Reputation: 369
I am getting no data when I apply class using importxml, I have reviewed the source code by using right click page source option and sentencs are there, I used ctrl+f to find the line and tried the xpath as mentioned below but it gives #NA, since new to import XML google sheets query, I need the result that is attached in the snap below for cell E55 the Japanese and English sentence in cell I55 & J55.
These sentences came from the following search the first sentence is used always in Japnese & English, here is the snap
I have tried a few combinations but in shows #NA;
=IMPORTXML("https://tangorin.com/sentences?search=時","//div[@class='s-jp']")
=IMPORTXML("https://tangorin.com/sentences?search=時","//div[@class='entry entry-border sentences undefined ']/dd[@class='s-jp']")

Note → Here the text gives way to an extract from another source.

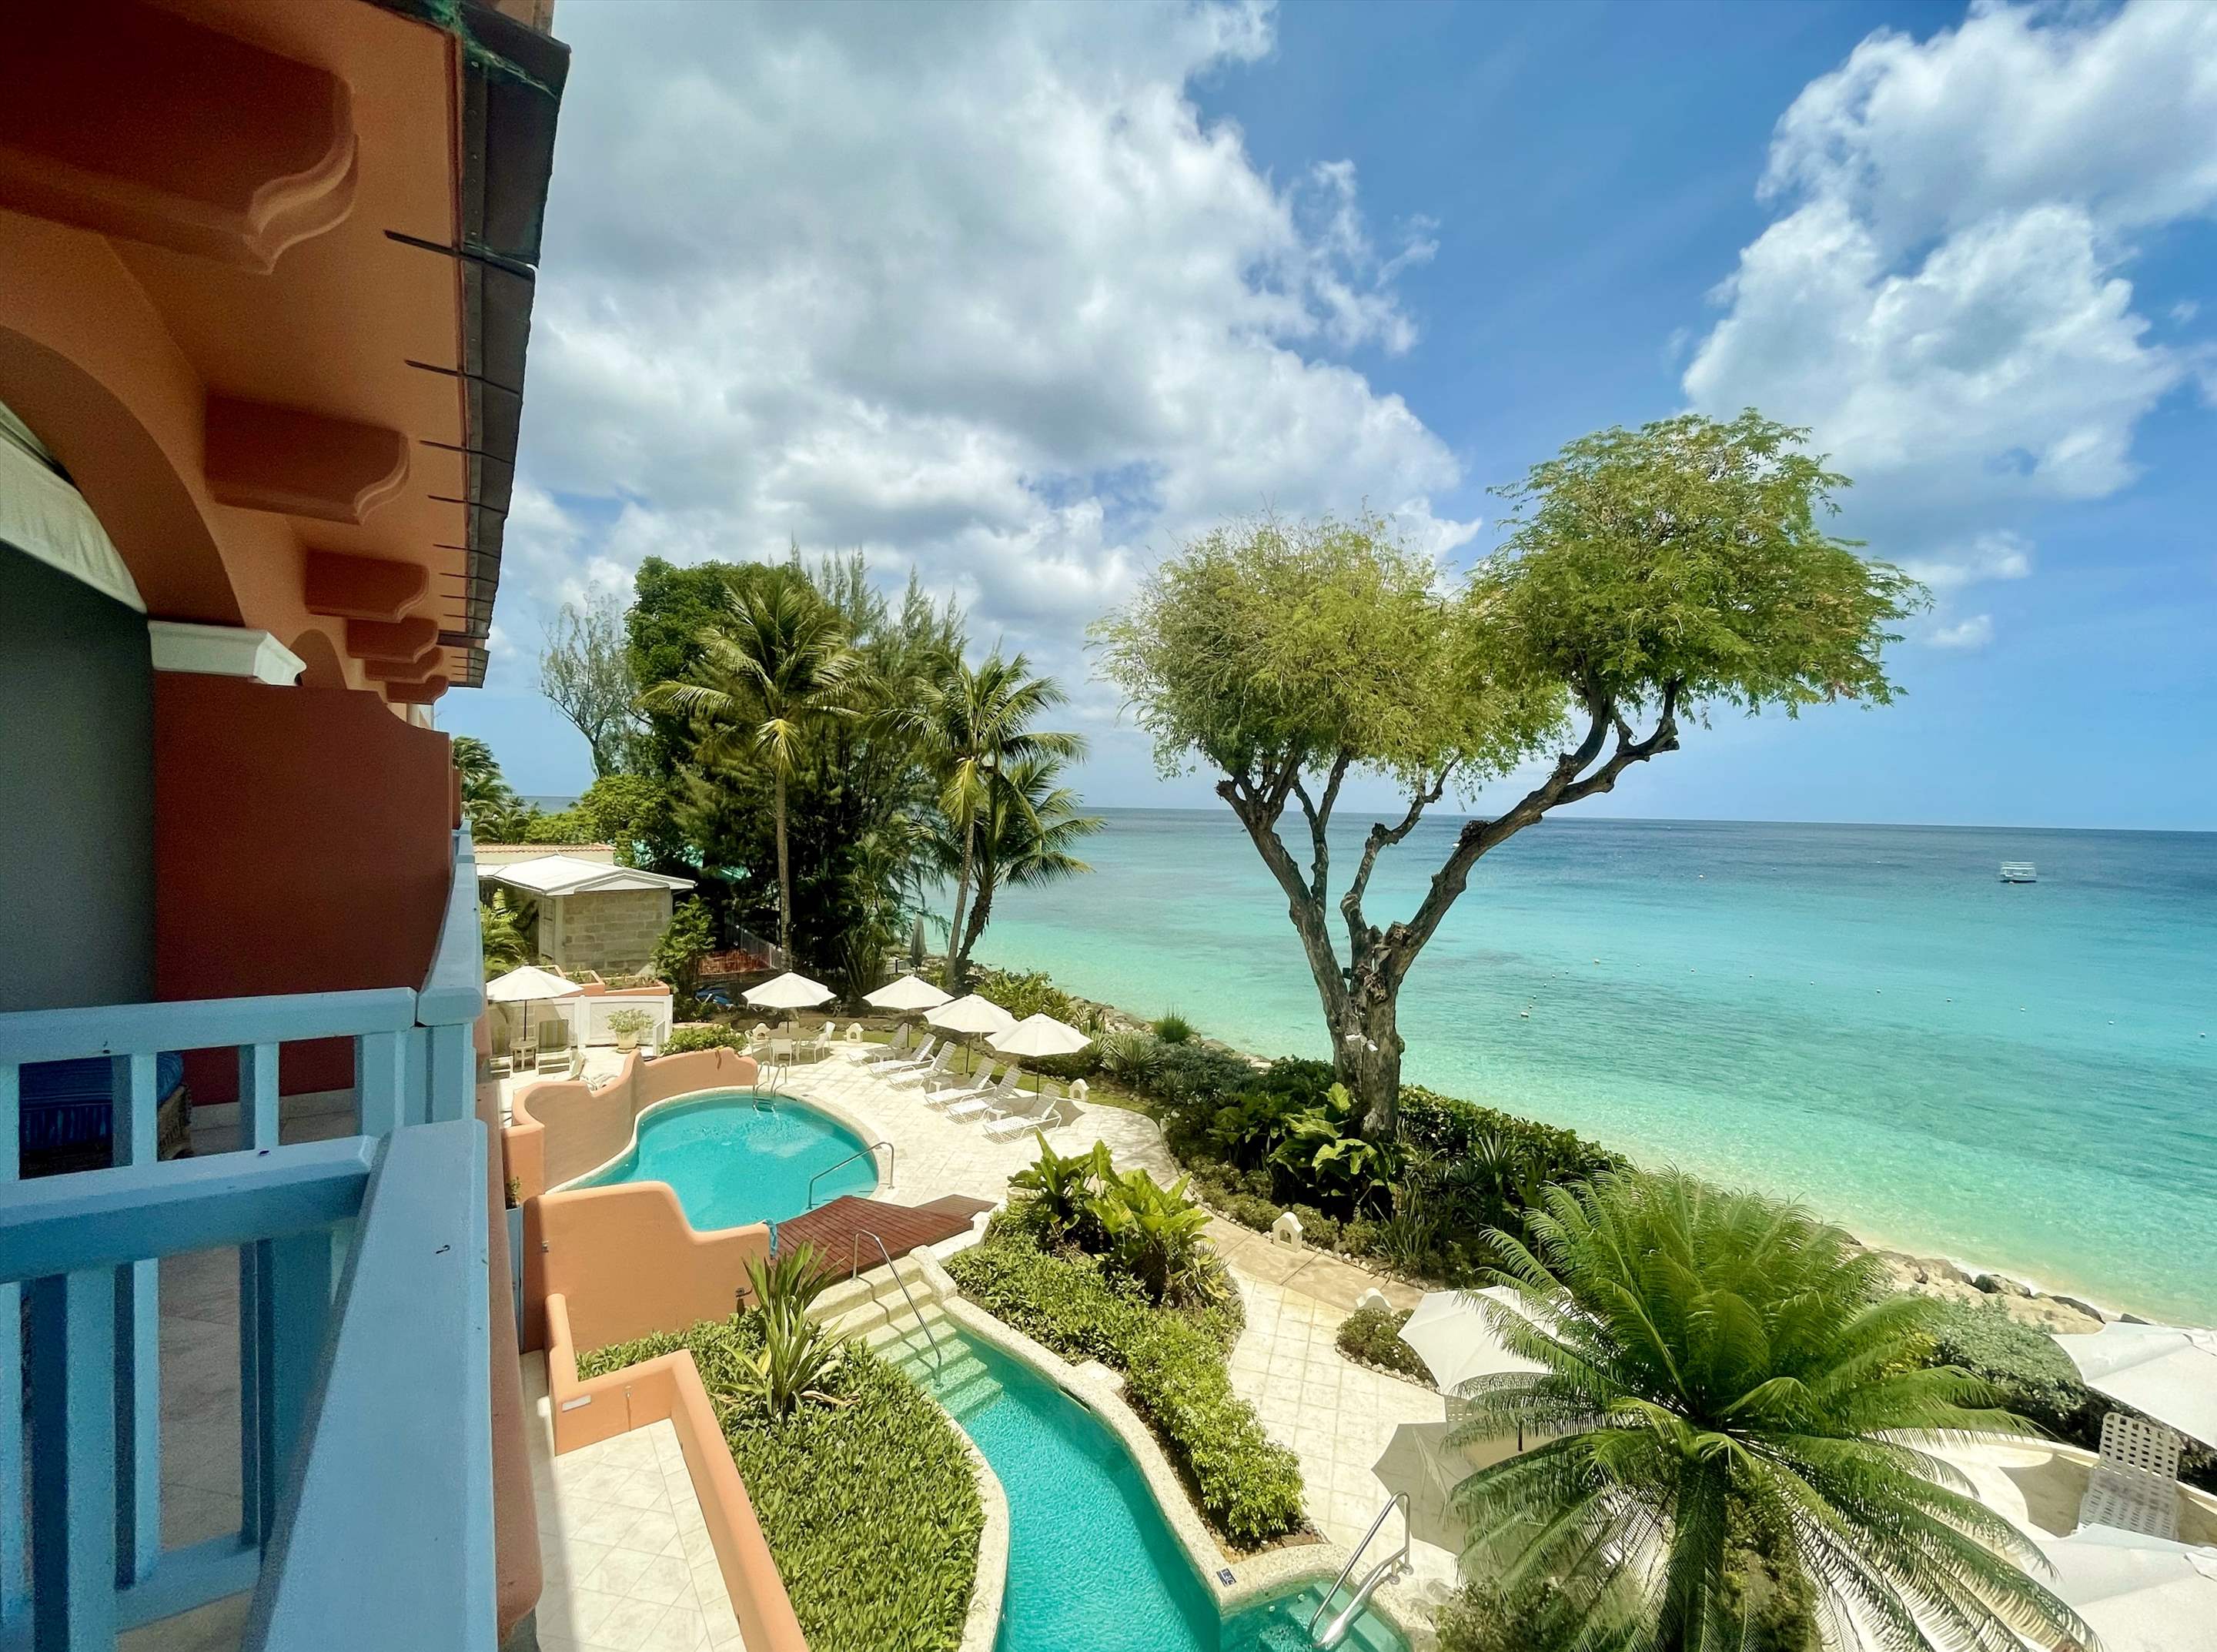 Villas on the Beach 303, 1 bedroom, 1 bedroom apartment in St. James & West Coast, Barbados Photo #4

Can anyone please assist as can I cant copy for 2000 letters both Japnese & English sentences which I need for translation class, much appreciated thanks
Upvotes: 1
Views: 280
Reputation: 5915
Output :
3 formulas to get the data (url is in cell D2).
For Kana in D4 :
=TRANSPOSE(SPLIT(SUBSTITUTE(TEXTJOIN("",TRUE,IMPORTXML(D2,"//div[@class='results-main-container']//dt//text()[not(parent::rt)]|//dd[@class='s-en']/@class")),"s-en","¤"),"¤"))
For Romaji in E4 :
=ARRAYFORMULA(TRIM(TRANSPOSE(SPLIT(SUBSTITUTE(TEXTJOIN(" ",TRUE,IMPORTXML(D2,"//div[@class='results-main-container']//dt//rt|//dd[@class='s-en']/@class")),"s-en","¤"),"¤"))))
For English in F4 :
=ARRAYFORMULA(TRIM(TRANSPOSE(SPLIT(SUBSTITUTE(SUBSTITUTE(SUBSTITUTE(SUBSTITUTE(SUBSTITUTE(SUBSTITUTE(SUBSTITUTE(SUBSTITUTE(REGEXREPLACE(TEXTJOIN(" ",FALSE,IMPORTXML(D2,"//div[@class='results-main-container']//dd/span|(//dd[@class='s-en'])[not(position()=1)]/@class")),"(\w)( )(\w)","$1'$3"),"s-en","¤")," , ",", ")," . ",".")," - ","-")," ( "," (")," ) ",") ")," !","!")," ?","?"),"¤"))))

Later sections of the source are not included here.